物語の都合上、智輝君や花奈ちゃんも悪い奴に見えてしまうのは仕方ないかもしれないけどもう少し挽回の要素がほしかったです。

特に花奈ちゃんは恋愛初心者で奥手という設定だったので、もっとうぶな恋愛を描いてほしかった…。

まさか、脅迫を受けたふりをして智輝君の気をひこうとするなんて相当悪い奴ですよね…。

早凪も恋愛相談院という立場だから智輝に恋人ができないことを心配していたという設定も分からなくはないが、そんな協力をしてほしくなかったですね。


また、花奈のライバルとして描かれていた結崎もただただ性格の悪い奴という風な感じで気がついたら物語からフェードアウトしていましたね。

ジャンプ漫画じゃないから友情を書けとは言わないものの、結崎が智輝を好きになった理由などを掘り下げて感情移入させてほしかったです。


実はラブケミストリーと同じ世界線


『恋する創薬研究室』は大学は違えど別作品の『ラブケミストリー』と同じ世界線で起きている物語でした。

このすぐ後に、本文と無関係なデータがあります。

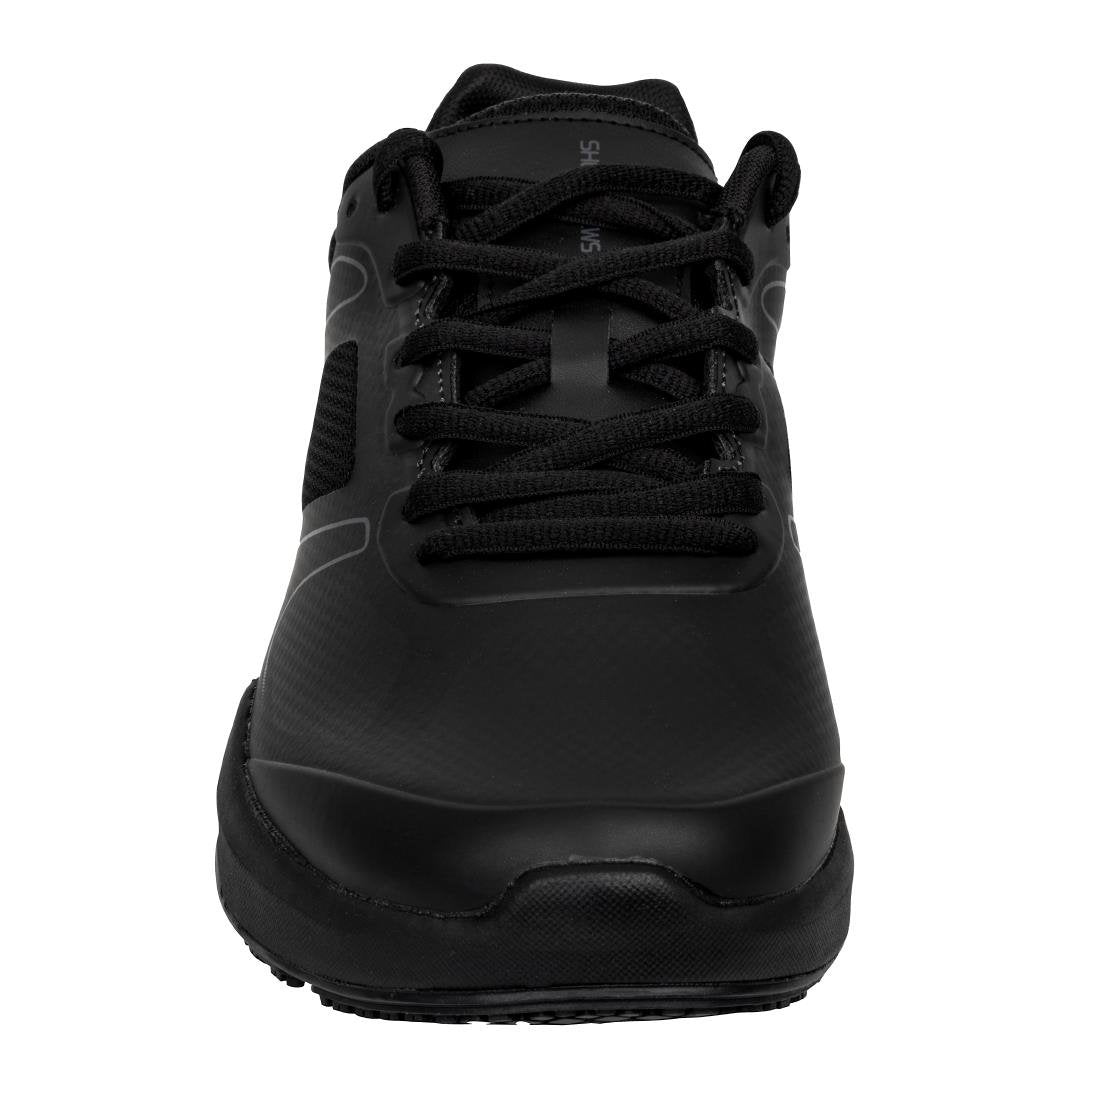 BB586-45 Shoes for Crews Men's Evolution Trainers Black Size 45

花奈が大学院入試を受けたしばらく後に藤村君がプランクスタリンの合成ルートに関する論文を提出していることが書かれていましたね。

世界線が同じっていうのは、喜多喜久さんの作品が好きな身として嬉しかったのですが、花奈が実は合成の天才だったという設定はいらなかった気がしました。

藤村君は特殊な能力もあるが毎日論文を読むなどかなりの努力家なので合成ルートを見つけることができたのは納得がいくが、大学院で問題を見ただけの花奈が合成ルートを見つけることができたのは納得いきませんでした。



まとめ


『恋する創薬研究室』は個人的には喜多喜久さんらしくない微妙な作品でした。

すすんで人に読んでほしいと感じる作品ではありませんでした。

喜多喜久さんの作品が好きな方なら読んでみてもいいかもしれませんが、ラブケミストリーとかの感じが好きだという人は私のようにがっかりする可能性が高いです。

もし、当ブログをみて読んだひとがいるなら感想を教えてほしいですね。